→ GIVEN RECORDS
▼

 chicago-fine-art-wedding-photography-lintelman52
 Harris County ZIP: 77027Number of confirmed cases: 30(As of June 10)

▲
▼

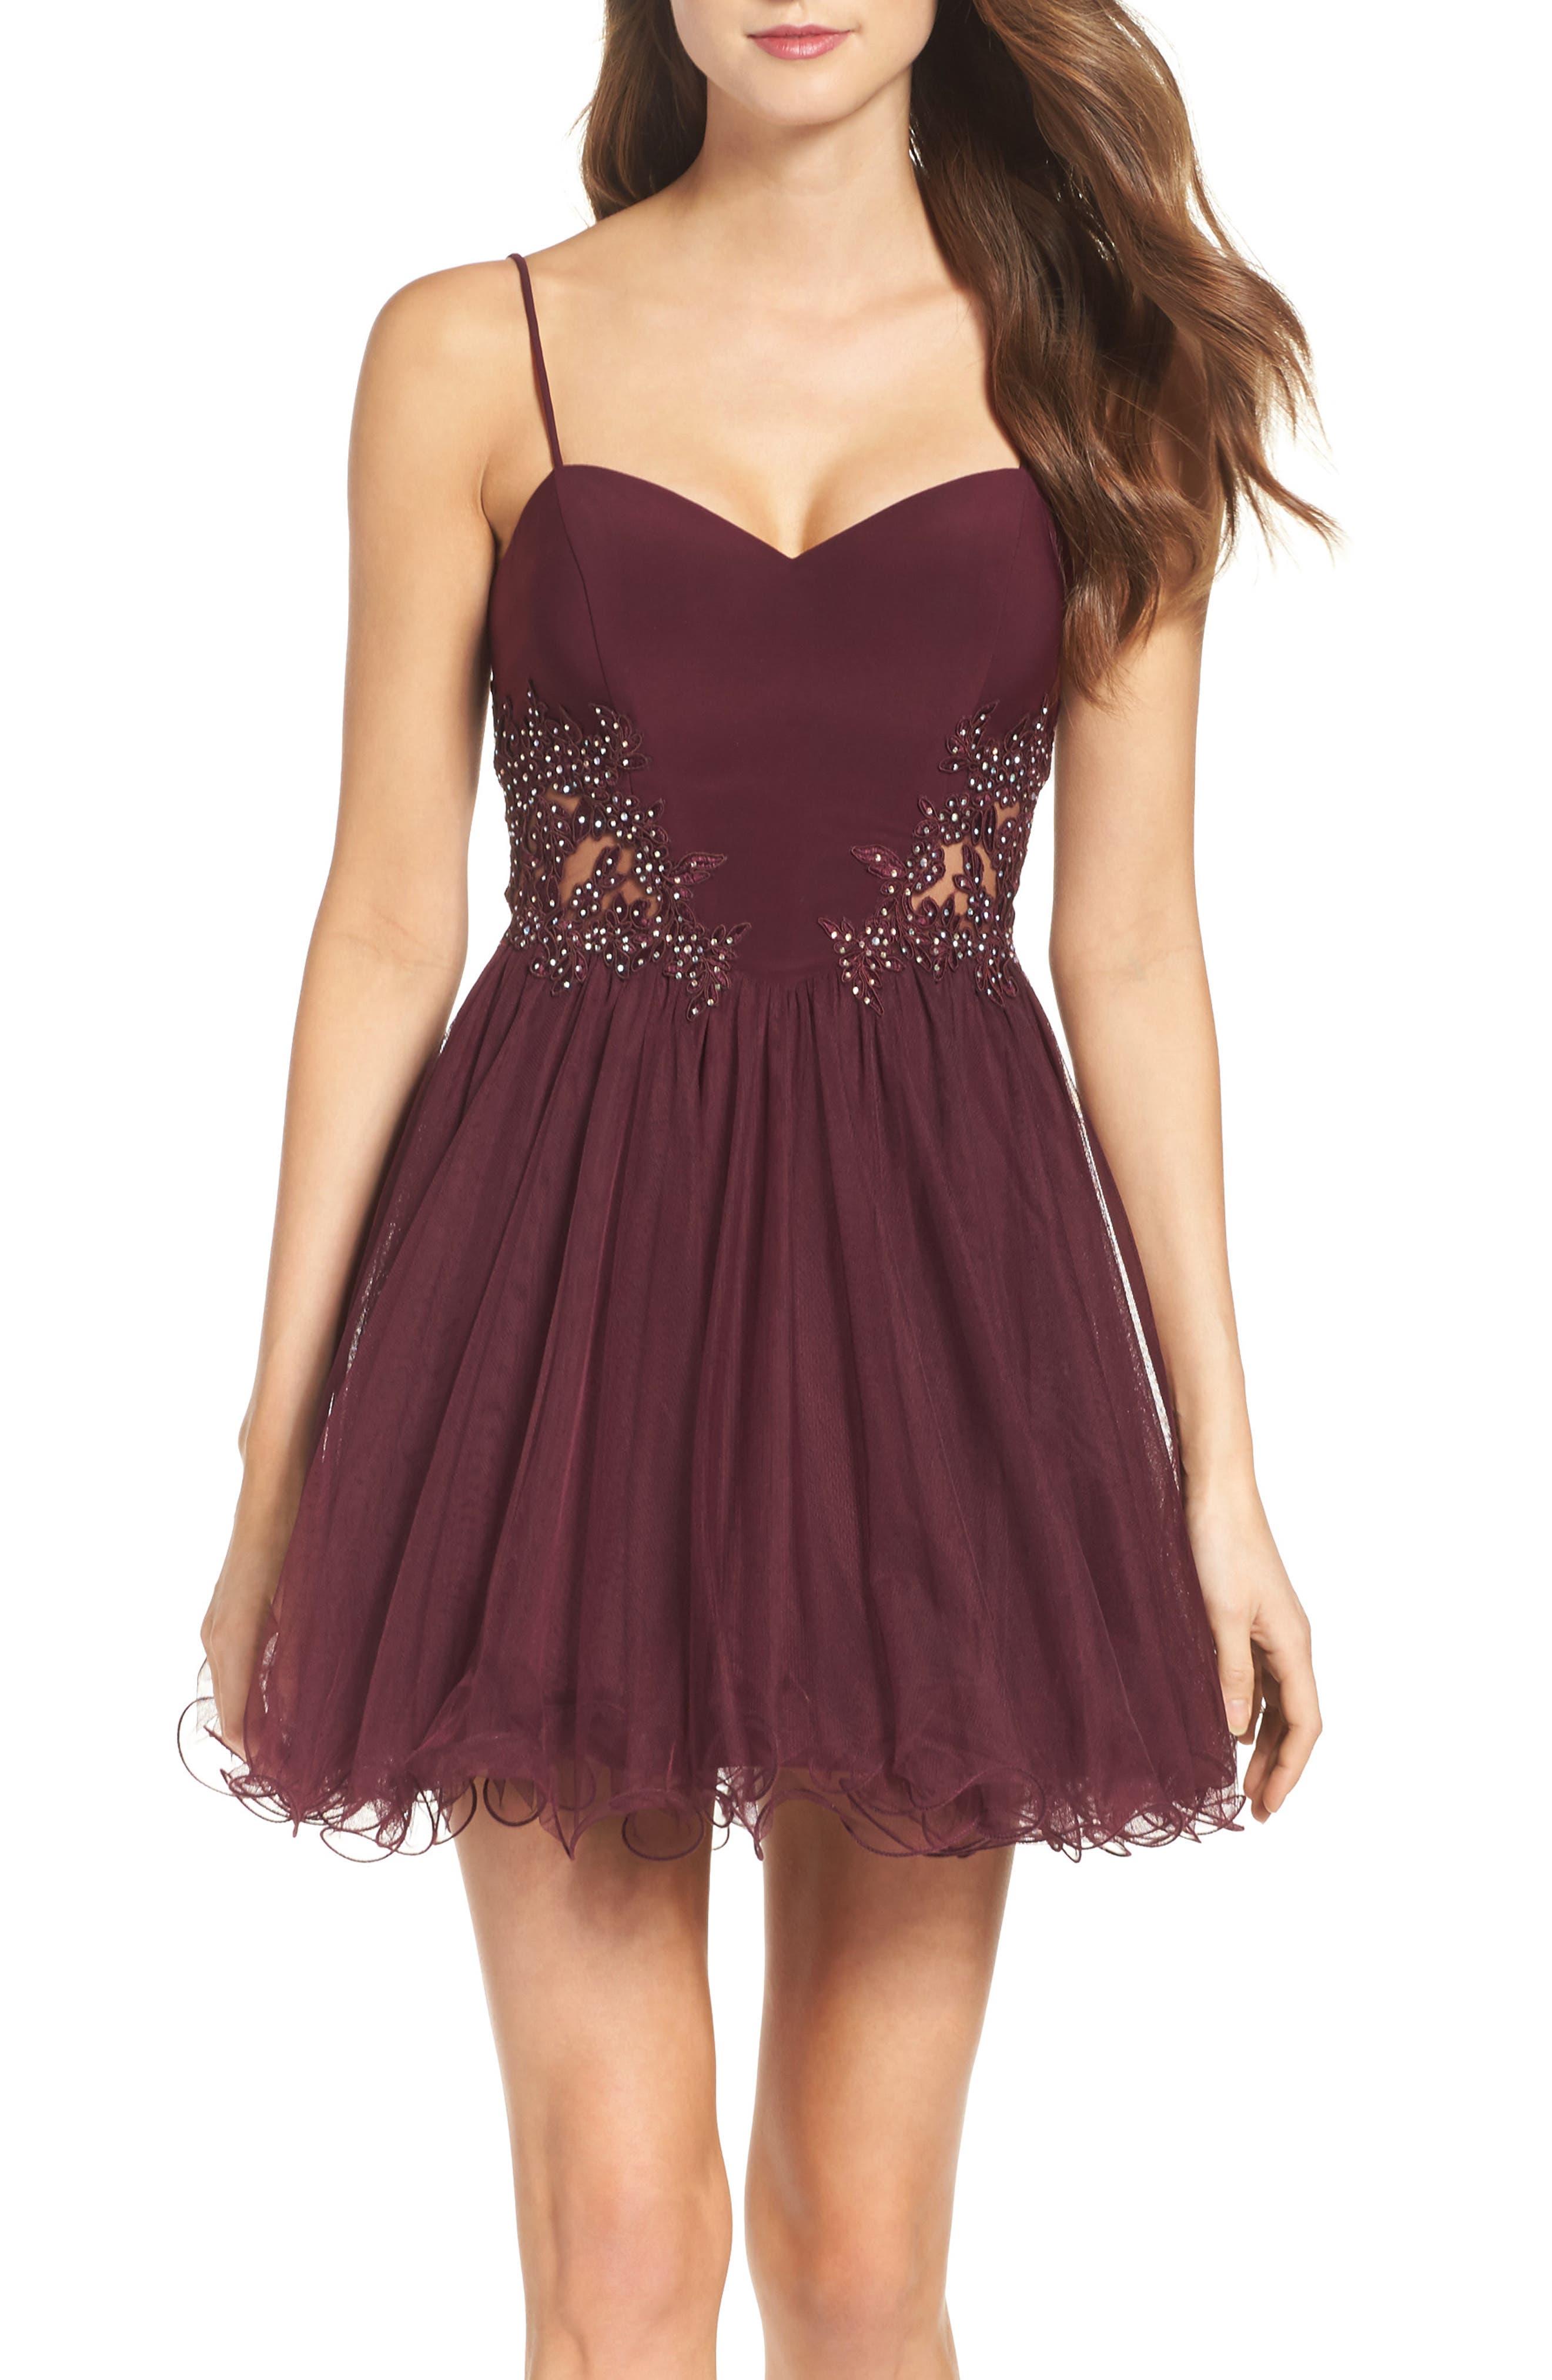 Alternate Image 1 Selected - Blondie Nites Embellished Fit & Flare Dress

▲

→ WHAT TO WORK ON
The range runs from the line with "chicago-fine-art-wedding-photography-lintelman52" up to and including the line with "Harris County ZIP: 77027Number" in the listing above; please write out exactly those lines and nothing more.

→ ANSWER SECTION
 chicago-fine-art-wedding-photography-lintelman52
 Harris County ZIP: 77027Number of confirmed cases: 30(As of June 10)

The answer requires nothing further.